Dr. Scheinbaum: Correct. So our coaches could go into a conventional medical practice and bring functional medicine to that practice. A physician who wants to bring diet lifestyle medicine to their practice can offer and or groups can offer coaching in it. So it’s a way for that coach to start educating that physician about functional medicine.

We also have many existing coaches who are taking our program because they want to add functional medicine care with positive psychology piece to their existing practice. Maybe they’re entrepreneurs and they have a private practice and they want to hone their skills.

Dr Kara. Fitzgerald: Yeah. It makes a lot of sense. And I understand why you, back on positive psychology, would be so useful so that you can give the didactic. You can teach the functional medicine model and move through the various aspects of that, the matrix, the clinical imbalances and so forth that we use in functional medicine.

But then having that positive psychology background where the coach is actually able to energize the patients, the clients, inspire them to engage in this process, this transformative process, I think that positive psychology piece will be very useful and it really sets you apart.

Dr. Scheinbaum: Yeah, absolutely. And both positive psychology and functional medicine are evidence-based. I’m really big on the evidence proven approach. And positive psychology is rooted in science.

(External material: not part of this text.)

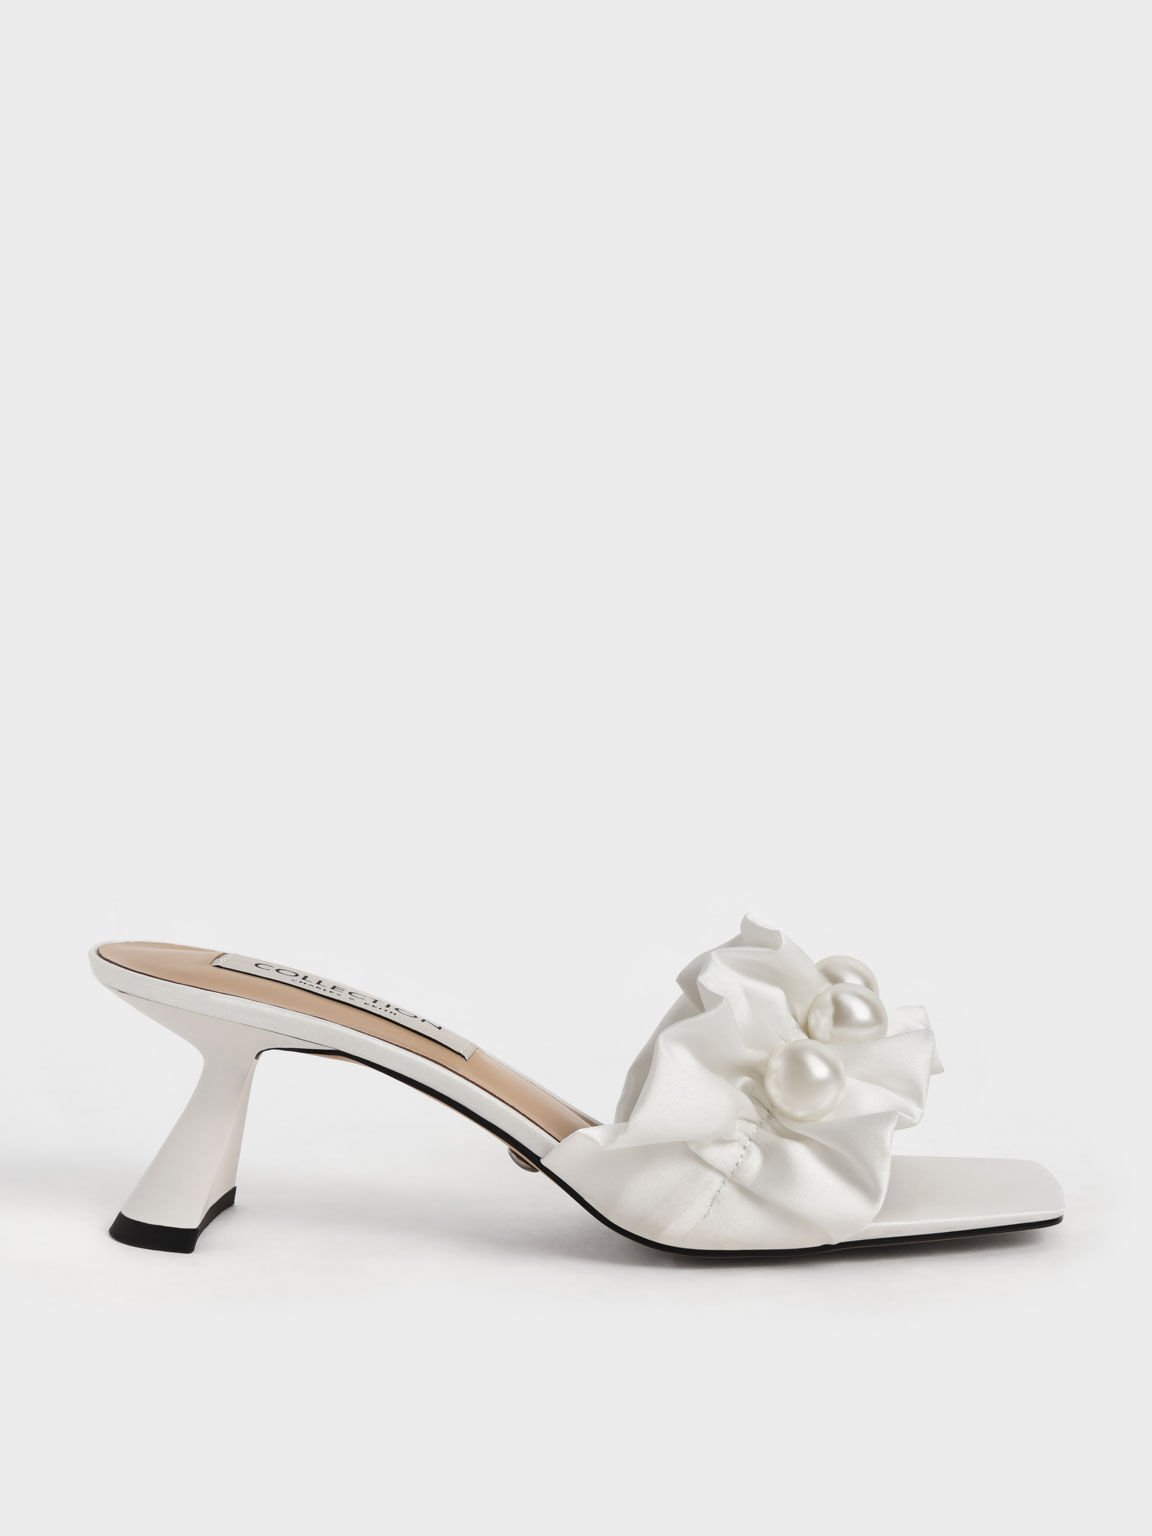 Blythe 珍珠穆勒高跟鞋, 白色, hi-res

Carol Kauffman who is the co-founder of the Harvard Institute of Coaching who is a positive psychology coach, she describes this. She said positive psychology is the scientific leg on which the field of coaching can stand. It provides evidence.

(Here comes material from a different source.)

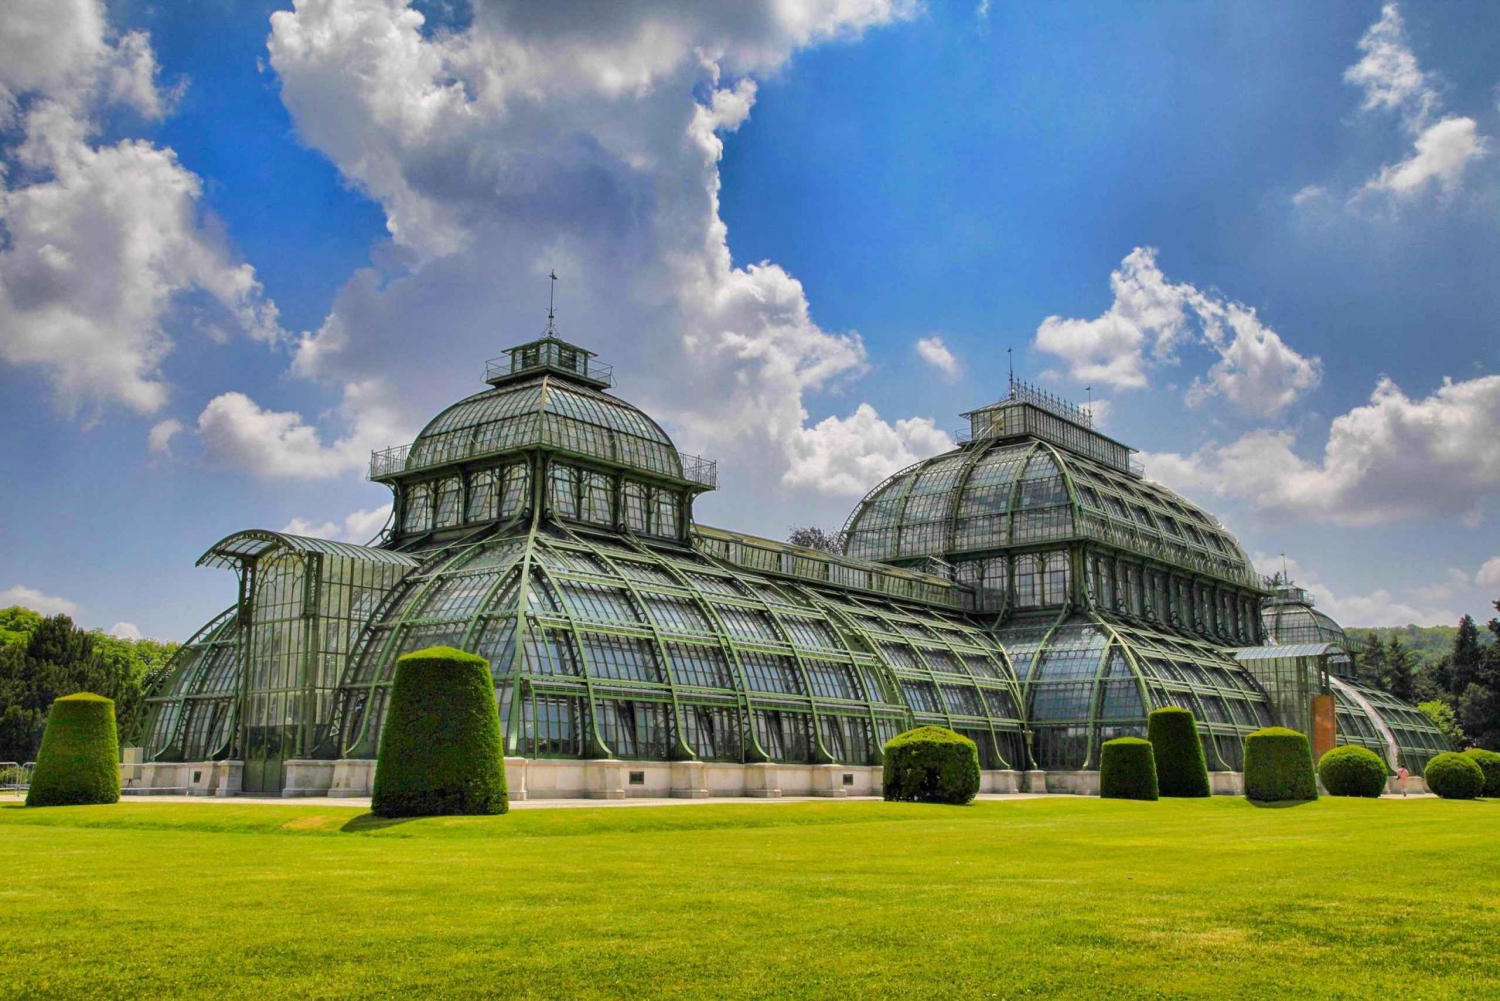 Privat guidet tur til museer og haver i Wien

So we dig into what someone needs to flourish. It’s based on Marty Seligman’s work who is one of the fathers of positive psychology. He looks at what people need to thrive. And functional medicine also looks at that, but in positive psychology, we’re looking at the pillars of wellbeing.

We use character strengths as the way to help someone find that wellbeing. And character strengths are really the features that make you you. They’re stable overtime and we really dig into this and help teach coaches how to identify those characteristics within themselves and how to nurture them and their clients. And we actually add them to the functional medicine timeline.

So there are things like creativity, love of learning, depth, gratitude, hope, kindness, some are of the mind, some are of heart, some are interpersonal, some are intrapersonal. But this is the way that people change by accessing their strengths.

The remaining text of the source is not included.